Oil Marketers Await Termination of NNPC-Dangote Agreement for Direct Purchases

NNPC Remains Sole Off-Taker of Petrol from Dangote Refinery Despite FG Directive

The Nigerian National Petroleum Company Limited (NNPC) continues to be the sole off-taker of Premium Motor Spirit (PMS), commonly known as petrol, from the Dangote Petroleum Refinery, despite the recent Federal Government directive allowing other oil marketers to purchase petrol directly from the refinery.

Oil marketers disclosed on Wednesday that NNPC would maintain its role as the exclusive off-taker until the current agreement between the state-owned oil company and the Dangote Refinery regarding the lifting of PMS is concluded. However, neither the marketers nor officials from NNPC and Dangote provided clarity on when the agreement is expected to end.

On October 11, 2024, the Federal Government, through a statement by the Ministry of Finance, announced that oil marketers were now permitted to negotiate directly with local refineries, including Dangote Refinery, to buy petrol. The aim was to promote competition and improve market efficiency by removing NNPC’s intermediary role.

“Moving forward, petroleum product marketers are now able to purchase PMS directly from local refineries without the intermediary role of NNPC. Marketers are encouraged to initiate direct purchases from refineries on mutually negotiated commercial terms,” the government said.

However, during a meeting with the Dangote Refinery on Tuesday, the Independent Petroleum Marketers Association of Nigeria (IPMAN) revealed that NNPC is still the exclusive off-taker until the agreement between the two organisations ends.

In a notice to its members, Dele Tajudeen, the Zonal Chairman of IPMAN’s South-West zone, confirmed the ongoing NNPC-Dangote arrangement. He stated, “The Vice President of Dangote confirmed that the Minister of Finance and the Minister of Petroleum Resources have directed them to commence sales of products to marketers who have duly registered with the refinery, but they are still having a pending agreement with NNPC Ltd which still subsists.”

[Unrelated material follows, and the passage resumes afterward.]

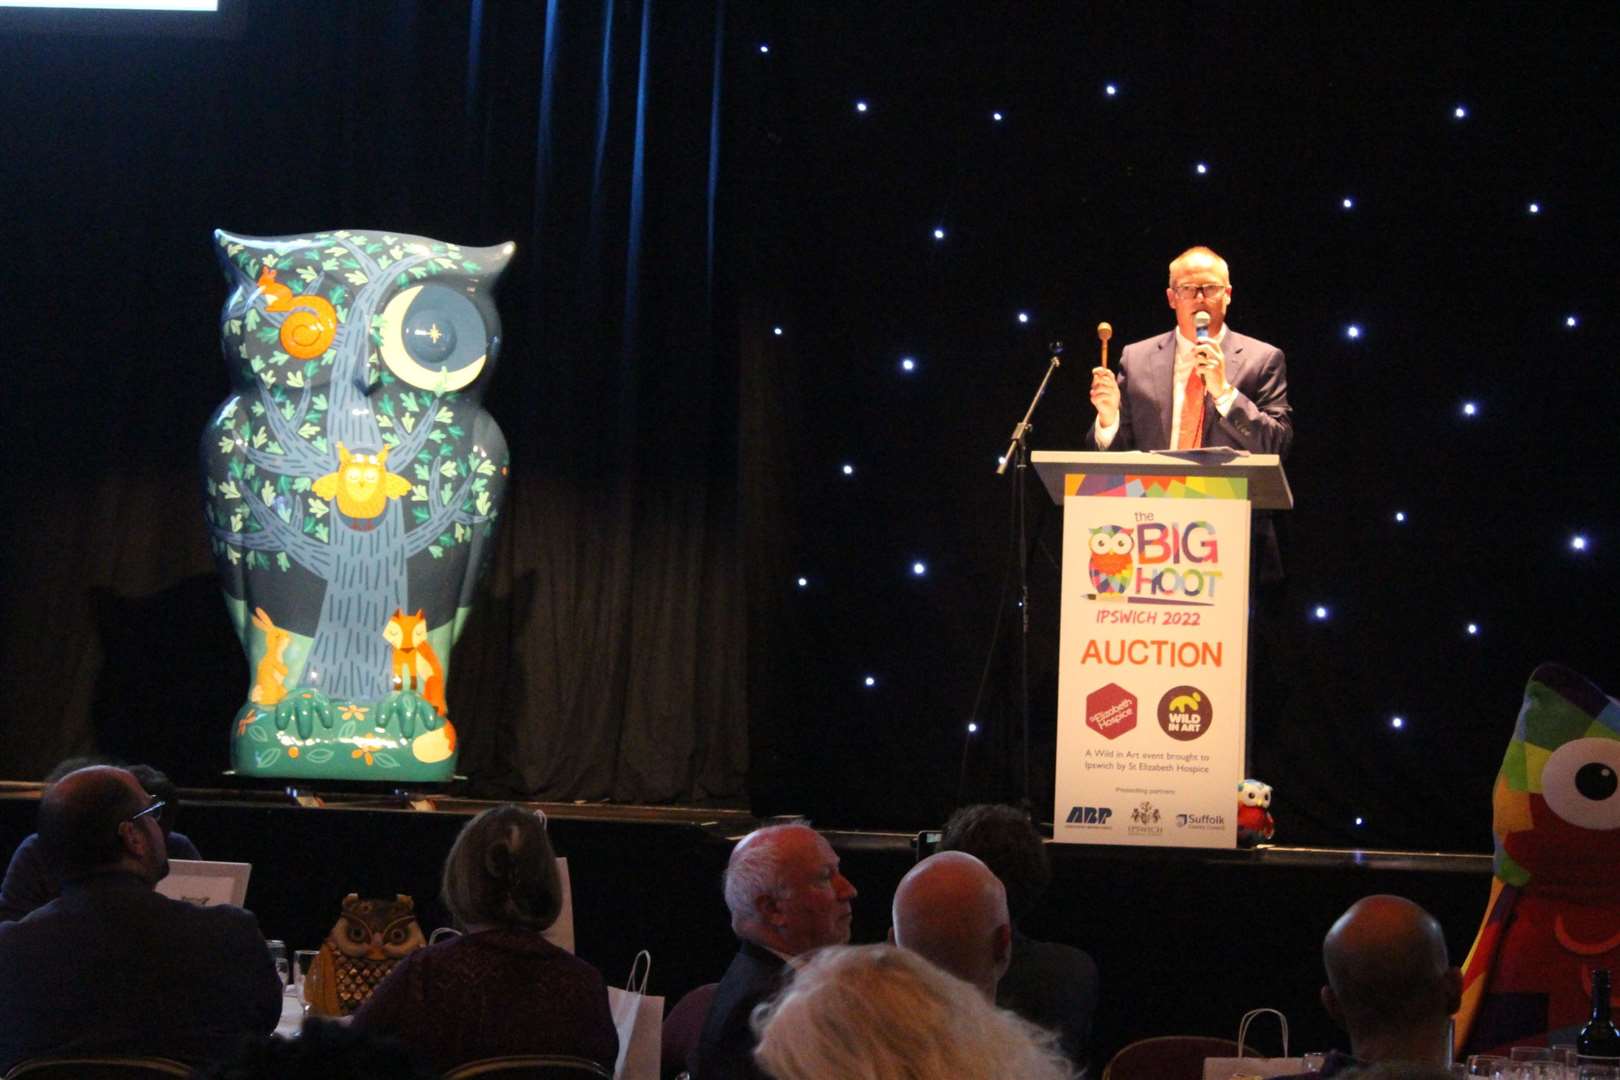 Ipswich's Big Hoot event ended with an auction, where the birds were sold to the highest bidder. Picture: St Elizabeth Hospice (59978174)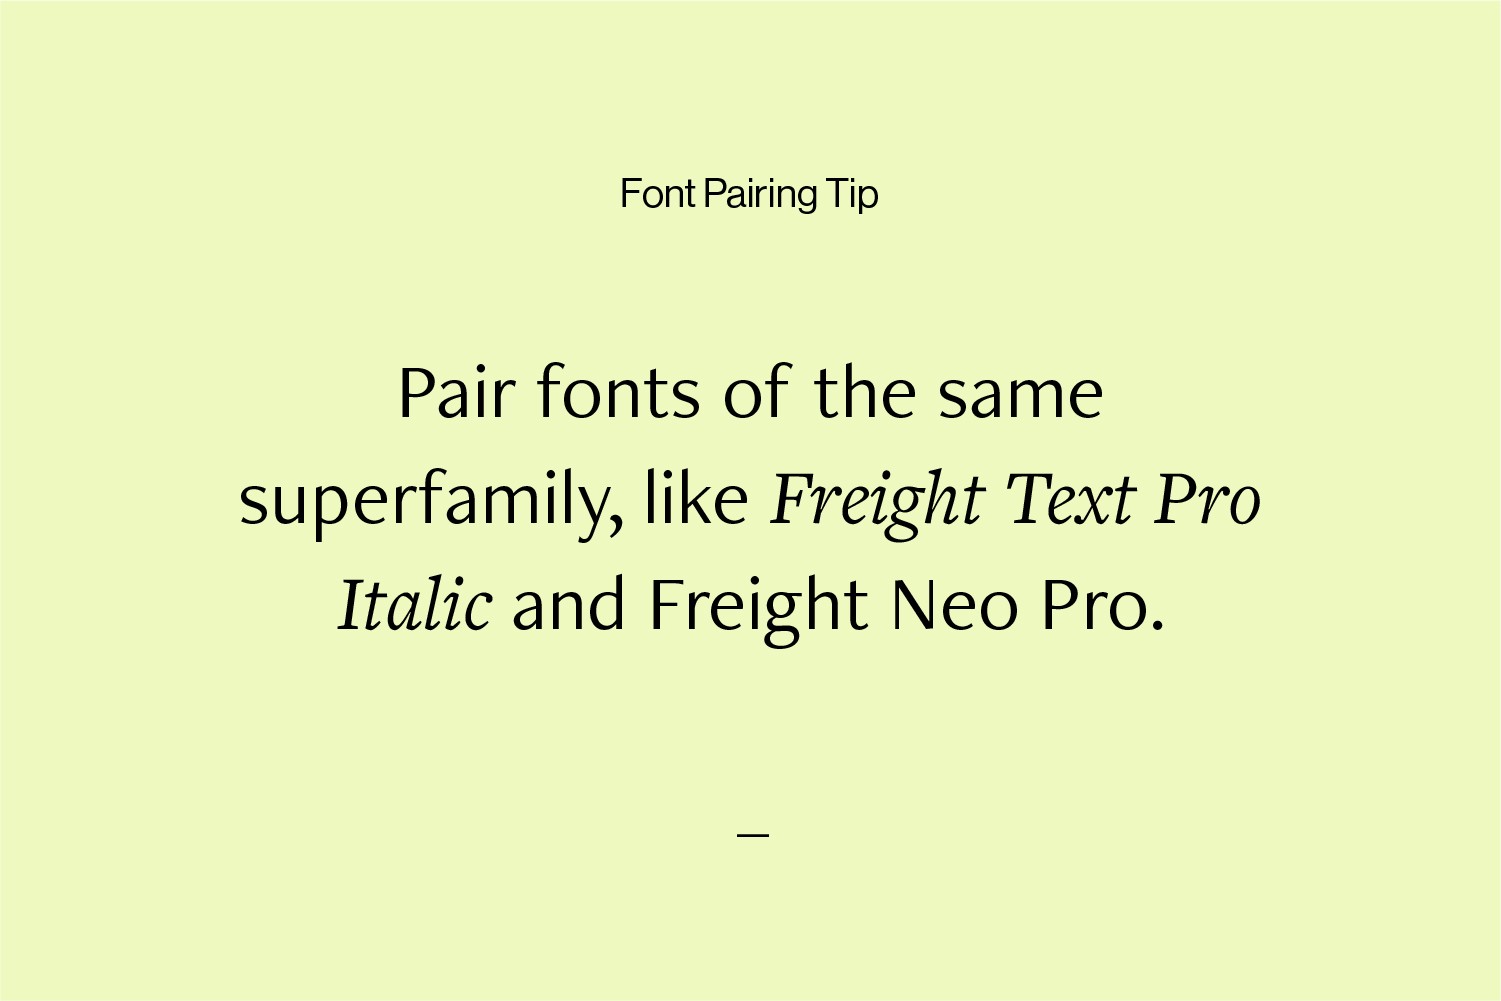 Font pairing advice that reads: Pair fonts of the same superfamily, like Freight Text Pro Italic and Freight Neo Pro.

Tajudeen urged IPMAN members to ensure they are properly registered with the association to benefit from the eventual commencement of direct sales from the refinery. He also noted that a meeting of the IPMAN National Executive Council was scheduled to take place in Abuja to discuss the situation.

Despite the Federal Government’s directive, major oil marketers confirmed that they are still obtaining petrol from Dangote Refinery through the existing agreement between NNPC and the refinery, with transactions processed via proforma invoices (PFI).